Bits and bytes are the units to measure computer data. Bit is short for “binary digit,” the most basic unit of computer data with a value of 0 or 1. On their own, these values are meaningless, but 8 bits grouped together form a byte. Basically, 8 bits equals 1 byte, and 1 byte represents 1 character, such as one letter or one symbol. All those bytes add up to a file size, for example, my running Word Doc is currently at 167 KB (167,000 bytes).
So why do you need to know bits versus bytes? Because the speed of data transfer is measured in bits and the amount of data storage is measured in bytes. Having this knowledge will help you make wiser tech purchasing decisions. What you need to know first, because you’ll see it in advertisements or on the packaging: a byte is represented with an uppercase B while a bit is represented with a little b.

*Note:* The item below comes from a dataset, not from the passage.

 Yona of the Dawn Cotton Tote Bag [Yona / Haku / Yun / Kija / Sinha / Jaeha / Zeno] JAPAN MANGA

When talking about bits and bytes you’ll also see the terms K for Kilo (thousand) or M for Mega (million) or G for Giga (billion). If you see Gb or GB, now you can identify whether it means Gigabits or Gigabytes by the lowercase or uppercase letters.

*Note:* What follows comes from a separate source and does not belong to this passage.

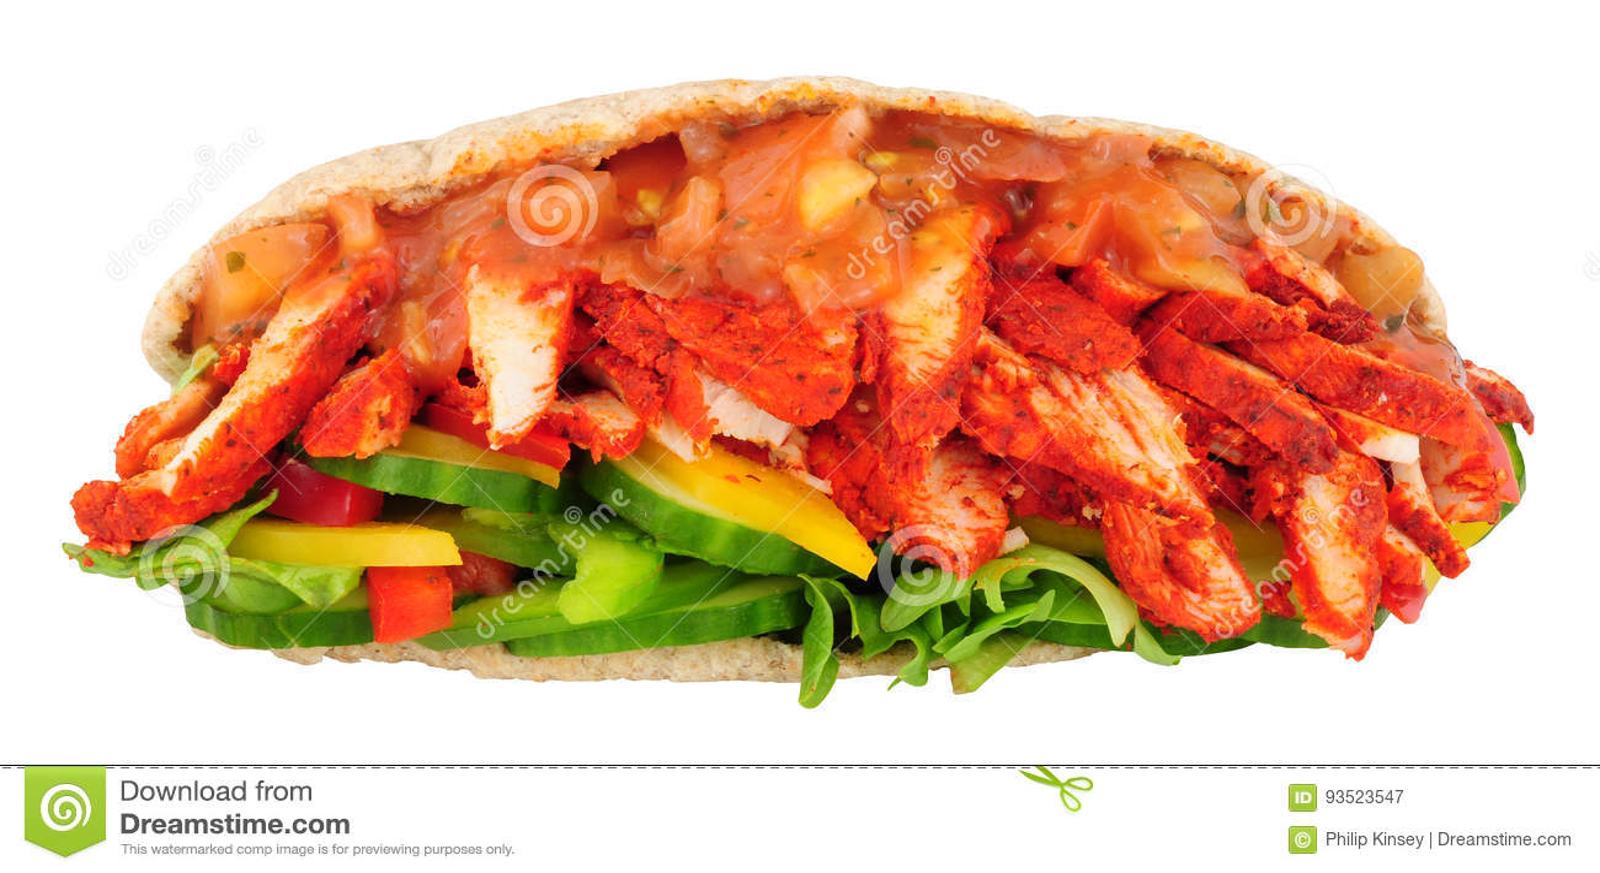 Tandoori Chicken Pitta Bread Sandwich

The latest iPhone advertises 64GB (64 billion bytes). That’s a lot of storage, but consider how many photos you take on your phone. If just one picture has a file size of 2 MB (and some files are much larger), that storage could fill up fast. That’s not even considering the size of apps and other files.
Think of it like a closet. The more space you have, the more clothing you can store. The more you fill it up, the slower it may take you to find an outfit. Well, similarly, the more you fill up the storage in your device or computer, the slower applications or files might transfer, upload or work.